The Department for Work and Pensions has announced a significant new initiative to combat welfare fraud through targeted bank account checks, with the department's chief confirming that a dedicated team is working at full capacity on the operation.
Targeted Reviews and Human Oversight
Appearing before a parliamentary select committee, DWP Permanent Secretary Peter Schofield emphasised that the department is conducting "targeted case reviews" as part of its fraud and error reduction strategy. Schofield stressed that no benefits would be stopped without human intervention, stating that officials review all available evidence before making any decisions.
"In our fraud and error work, we don't stop any benefits without a human looking at this, reviewing all the evidence from all sorts of different sources that they've got," Schofield explained. "This includes understanding markers of vulnerability or complex needs as well, and then making a decision off the back of that."
Initial Focus on Three Key Benefits
The bank account monitoring programme will initially focus on three specific benefits that have demonstrated the highest rates of fraud and error:
- Universal Credit
- Employment and Support Allowance (ESA)
- Pension Credit
Notably, the state pension has been exempted from these new checking procedures. The DWP has identified that these three benefits represent areas where improved verification could yield significant savings and reduce incorrect payments.
Major Banking Institutions Involved
Under the new anti-fraud measures, the fifteen largest banks and building societies in the United Kingdom will be required to cooperate with the DWP's verification processes.
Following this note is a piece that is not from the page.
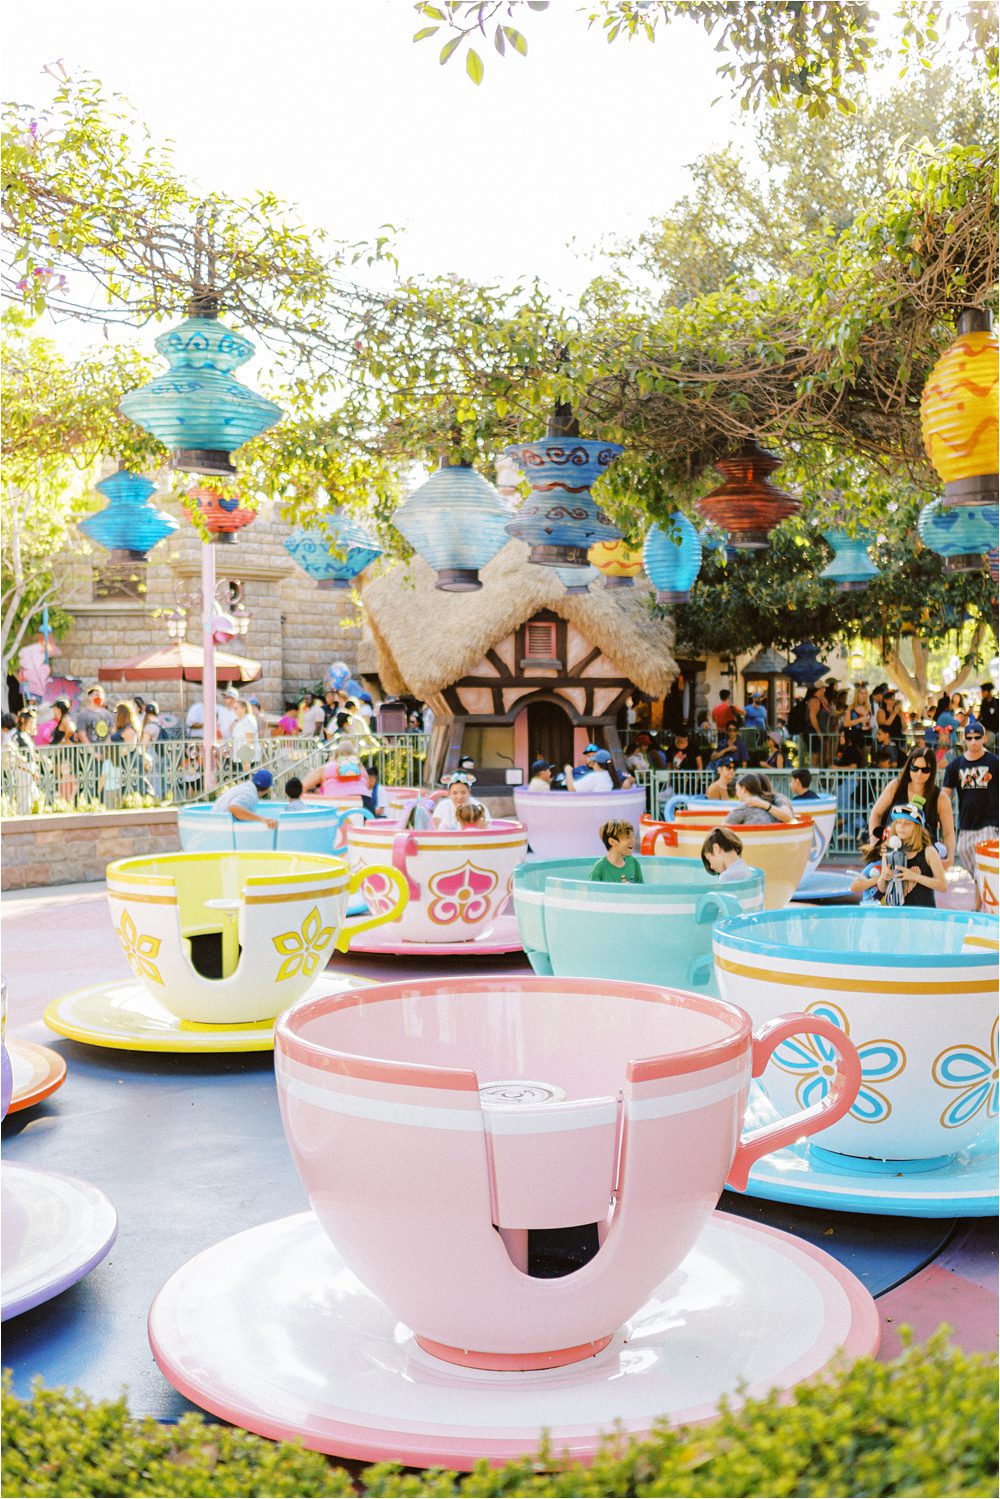 Photo of the colorful Tea Cups at Disneyland in California

These financial institutions collectively handle the vast majority of benefit payments across the country.
The complete list of banks involved in the programme includes:
- Bank of Scotland
- Barclays
- Halifax
- HSBC
- Lloyds Bank
- Metro Bank
- Monzo Bank Limited
- NatWest
- Nationwide
- Santander
- Starling Bank
- The Co-operative Bank
- Royal Bank of Scotland (RBS)
- TSB
- Yorkshire Bank
Comprehensive Coverage of Benefit Payments
The DWP has confirmed that these fifteen financial institutions receive over 97 per cent of all payments made to benefit claimants across the United Kingdom. This comprehensive coverage ensures that the new checking system will apply to the overwhelming majority of individuals receiving state support.
"We know that the vast majority of DWP claimants bank with, and have their benefits paid into, the largest 15 banks in the UK," a department spokesperson stated. "These banks and building societies receive over 97 per cent of all payments to DWP claimants."
Independent Oversight and Safeguards
In response to concerns about the potential overreach of these new powers, the DWP has established a framework of independent oversight and parliamentary reporting requirements. The department's guidelines specifically address concerns that were raised about the potential for draconian implementation.
The framework states: "There will be independent oversight and reporting of Eligibility Verification powers to Parliament. The Secretary of State will appoint an independent body or person, following an open selection process, to review and report annually on how the powers have been exercised."
This independent oversight will assess whether the powers have been used in accordance with legislation, evaluate the actions taken by financial institutions, and determine the effectiveness of the measures in identifying incorrect payments. The Labour Party government has identified welfare fraud reduction as a significant policy priority, with these new bank checking powers forming a central component of their approach to ensuring benefit payments reach only those who are legitimately entitled to them.